Using the Disk Method or washer method (im not sure which one)
Find The volume of y=x^3 , y=1 , x = 2
revolving around the X axis
V=PI*INT y^2 dx
=PI INT x^6 dx from x=1 to x=2
PI*y^2 is the area of the disk
dx is its thickness.
I will assume you want to rotate the region bounded by your three curves.
vol = π(integral) (x^6 - 1)dx
= π[(x^7)/7 - x]from 1 to 2
= pi[128/7-2 - (1/7 - 1)]
= π[127/7 - 1) cubic units
check my arithmetic, I have been making some silly typing errors lately.
Maybe you mean the area between the horizontal line y = 1 and the curve y = x^3 from their intersection at (1,1) to the vertical line x = 2 spun around the x axis?
That would be washers.
inner radius = 1
outer radius = x^3
area of washer = pi (x^3)^2 - pi
= pi (x^6-1)
integrate that times dx from x = 1 to x = 2
pi ( x^7/7 - x) at x = 2 = pi 128/7 -14/7) = pi (114/7)
pi (x^7/7 - x) at x = 1 = pi(1/7 - 1)= pi (-6/7)
so
pi (120/7)
Well, we check this time :)
noticed that too, lol
but, after all, I am on third cup of coffee.
To find the volume of the solid formed by revolving the region between the curve y = x^3, the line y = 1, and the x-axis from x = 0 to x = 2 about the x-axis, we can use the disk method.
The disk method involves using infinitesimally small disks to approximate the volume of the solid. We integrate the cross-sectional area of each disk over the interval [0, 2] to find the total volume.
First, let's find the equation of the region bounded between y = x^3, y = 1, and the x-axis. The curve y = x^3 intersects the line y = 1 at x = 1, since 1^3 = 1. So, the region can be defined by the inequalities x^3 ≤ y ≤ 1.

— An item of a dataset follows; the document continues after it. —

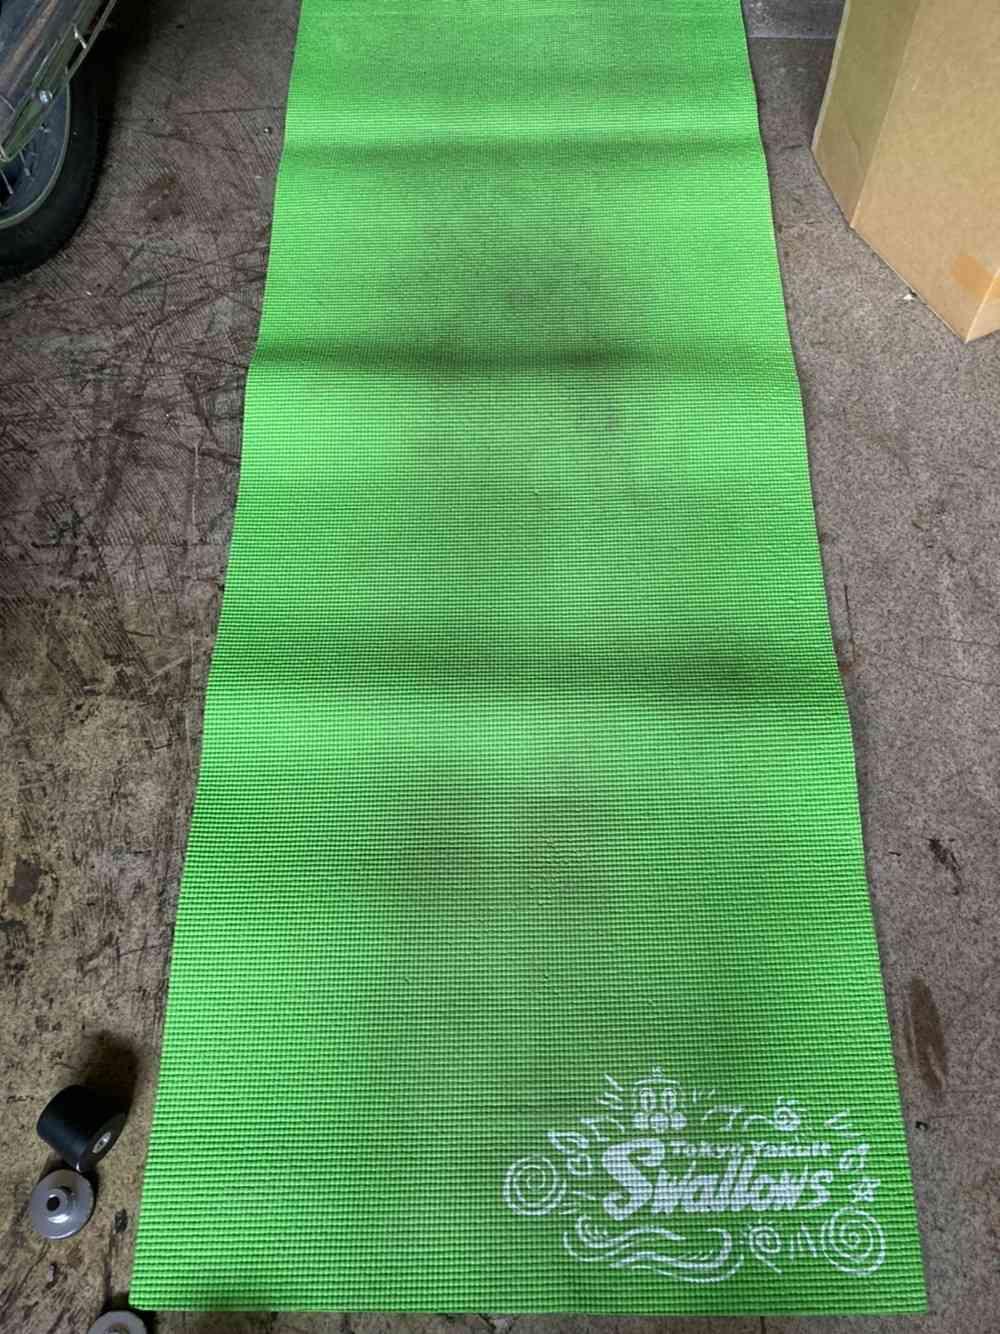 柔軟体操、筋トレ用のマット

The radius of each disk will be equal to the x-coordinate of the function y = x^3, which is x. The area of each disk is given by A = π * radius^2 = π * x^2. Integrating this area over the interval [0, 1], we get the volume V as follows:
V = ∫[0, 1] π * x^2 dx
To evaluate this integral, we can rewrite it as:
V = π * ∫[0, 1] x^2 dx
Integrating x^2 with respect to x gives:
V = π * (x^3/3) | from 0 to 1
V = π * (1^3/3 - 0^3/3)
V = π * 1/3
Hence, the volume of the solid generated by revolving the region bounded between y = x^3, y = 1, and the x-axis from x = 0 to x = 1 about the x-axis is π/3 cubic units.